Alguém já viu alguma imagem de gente capaz sorrindo? O Cristo aparece sorrindo em alguma imagem? A maioria esmagadora das fotos de grandes artistas da era vertical de Hollywood expõe os ícones da tela mostrando a realidade de suas fisionomias. As fotos eram eloquentes, mostravam vidas vivas, não essa vacuidade álacre de propagandetes de creme dental... Enfim, chega de vazio de dentições saudáveis, caramba! Como dizia minha avó, “Muito riso é sinal de pouco siso!”... Sacou, mano? Enter final.
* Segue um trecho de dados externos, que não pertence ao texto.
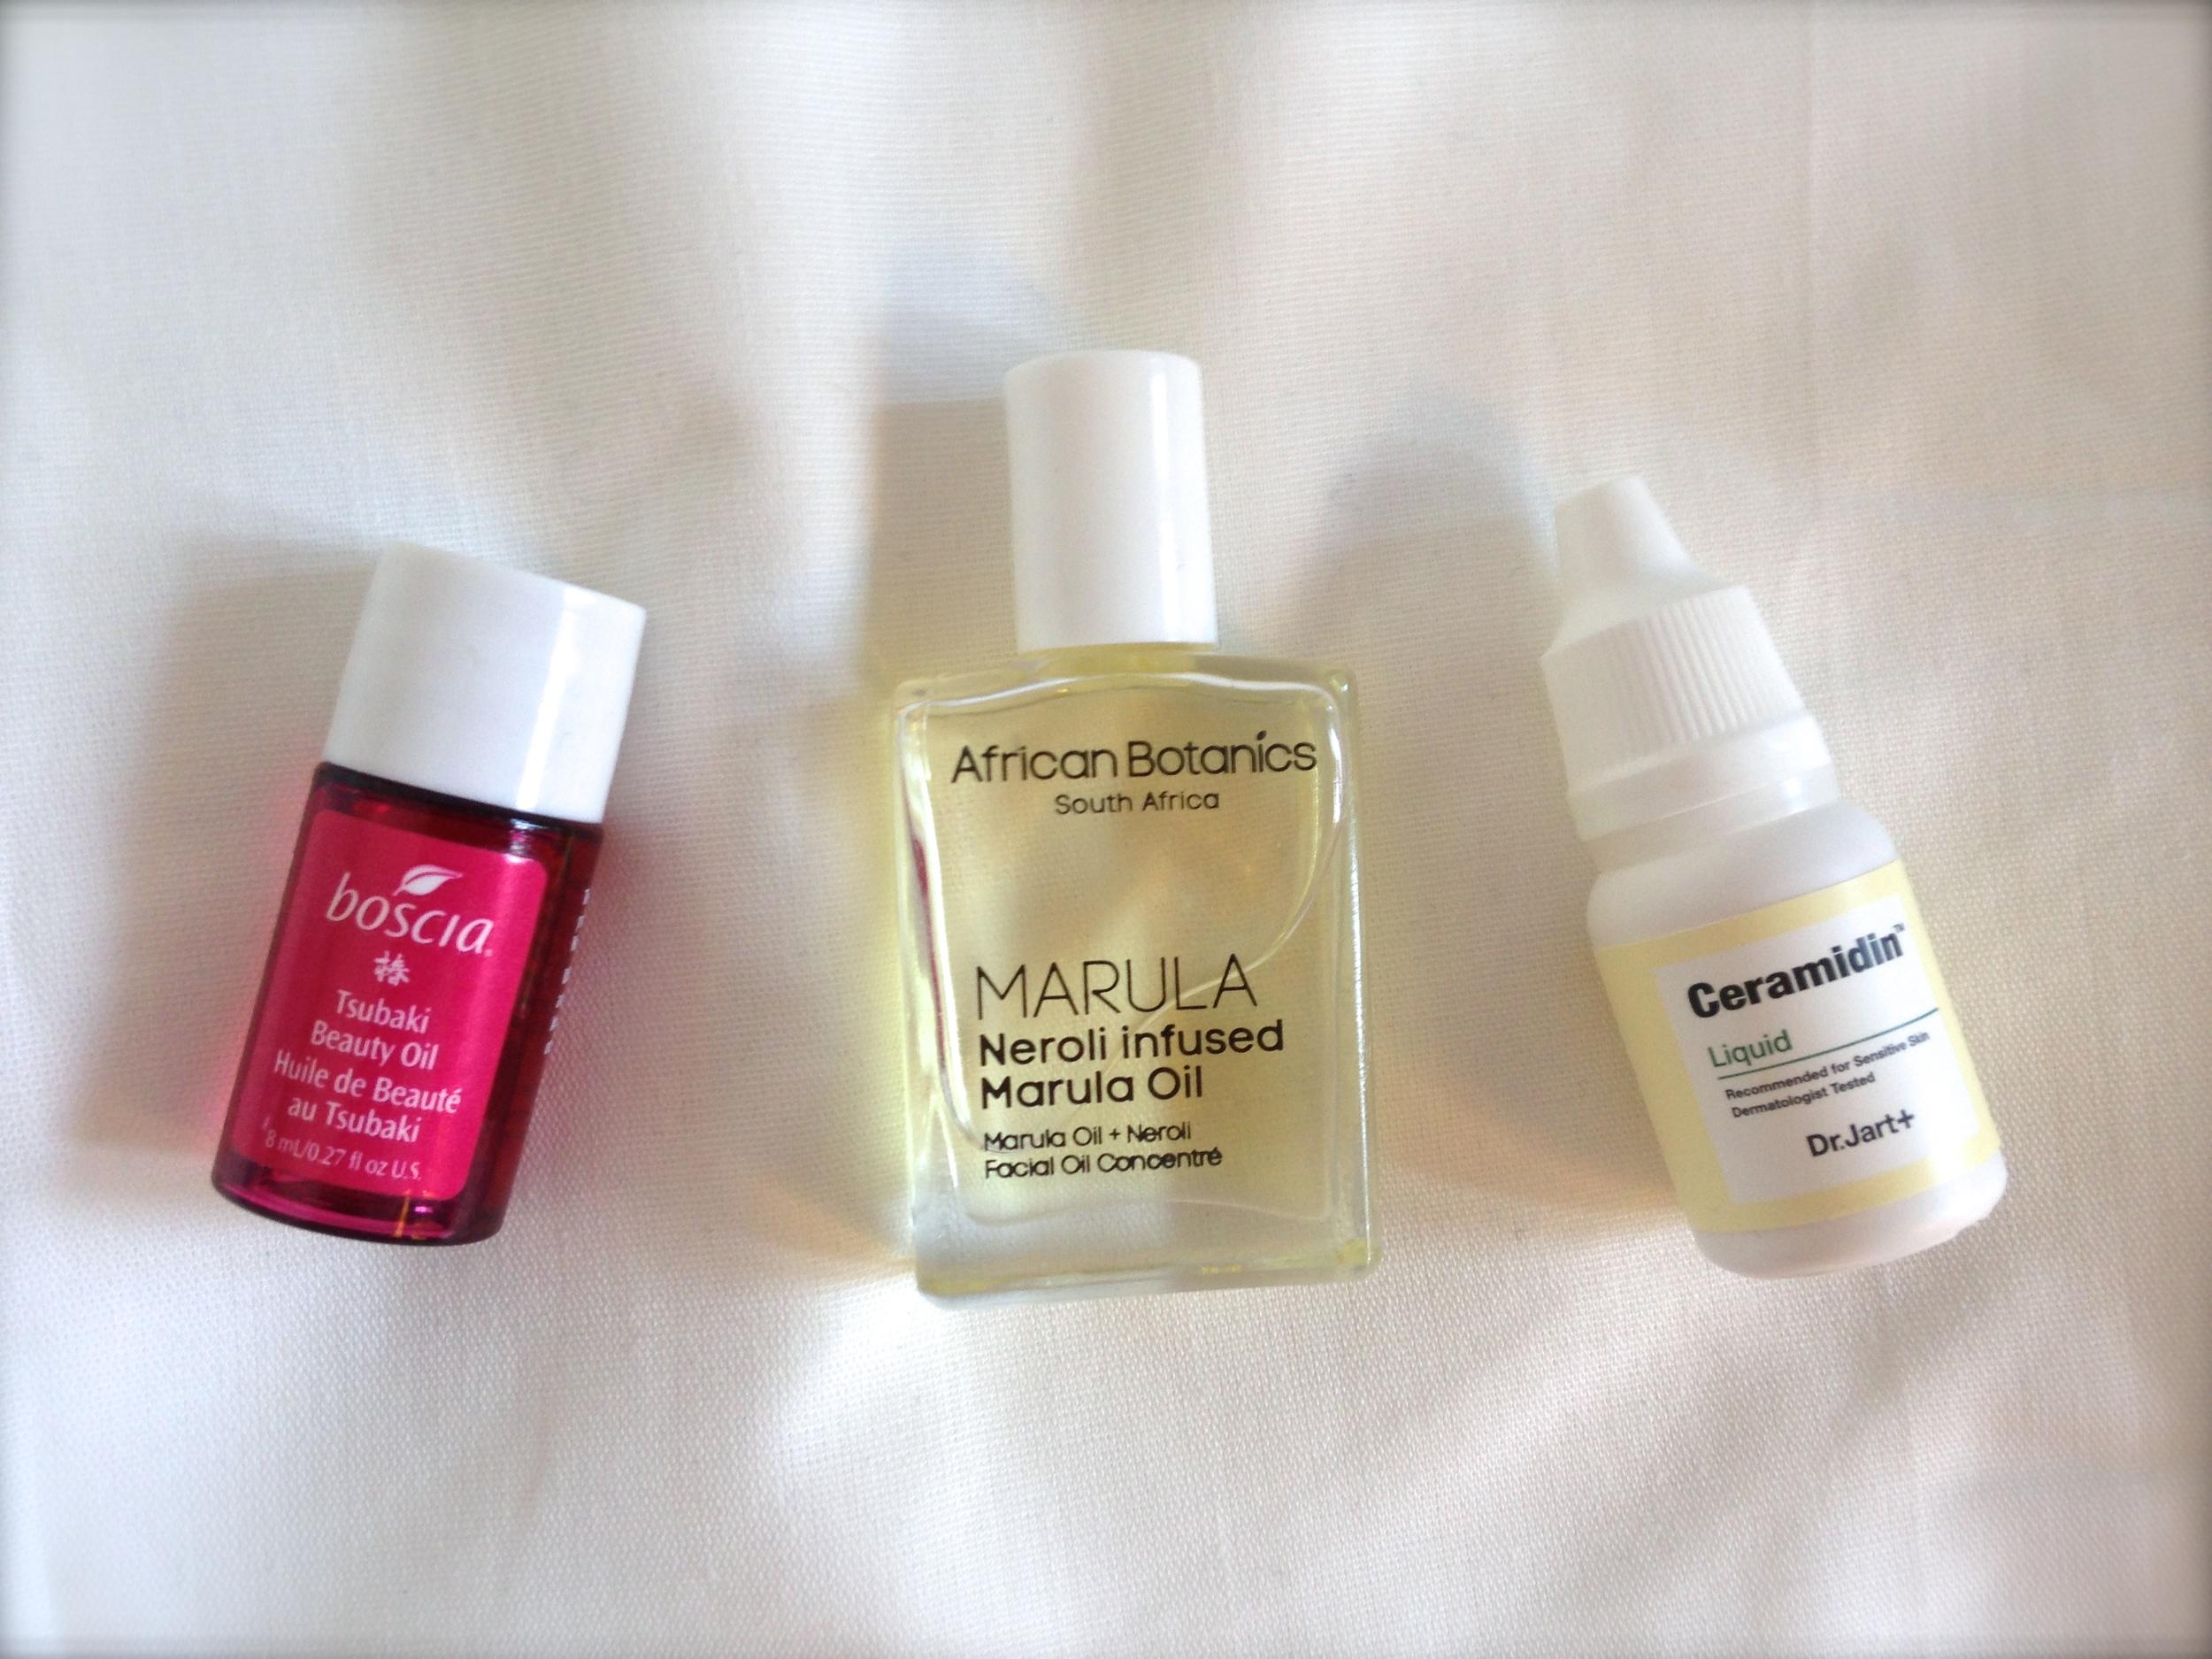 boscia tsubaki beauty oil review, african botanics neroli infused marula oil review, dr jart ceramidin liquid review

E João Gilberto chegou aos 80. Seguramente você não sabe quem é. Mas como sei, e como o que resta vivo desse país estrepado sabe, vai um comentário: eu não gostaria de estar na pele dele. Deve ser bem desagradável ver o que está aí depois de ele permitir que crescêssemos propelidos pelo som do mais importante músico popular brasileiro (ao lado de Tom Jobim) de todos os tempos. É duro, é feio chegar aos 80 sabendo a desacontecência musical reinante. De qualquer forma, valeu, João. Você deve chegar aos 100. Mas volta pra Juazeiro, irmão. E viva Santo Expedito! Oremos. Bye, babes!
Ah! Vale lembrar: estamos sob censura desde 11/04/08, aliás mantida por Gilmar Mendes, e a restrição vai totalizando 2023 dias. Abraço pra turma do Estadão, há 677 dias também sob mordaça!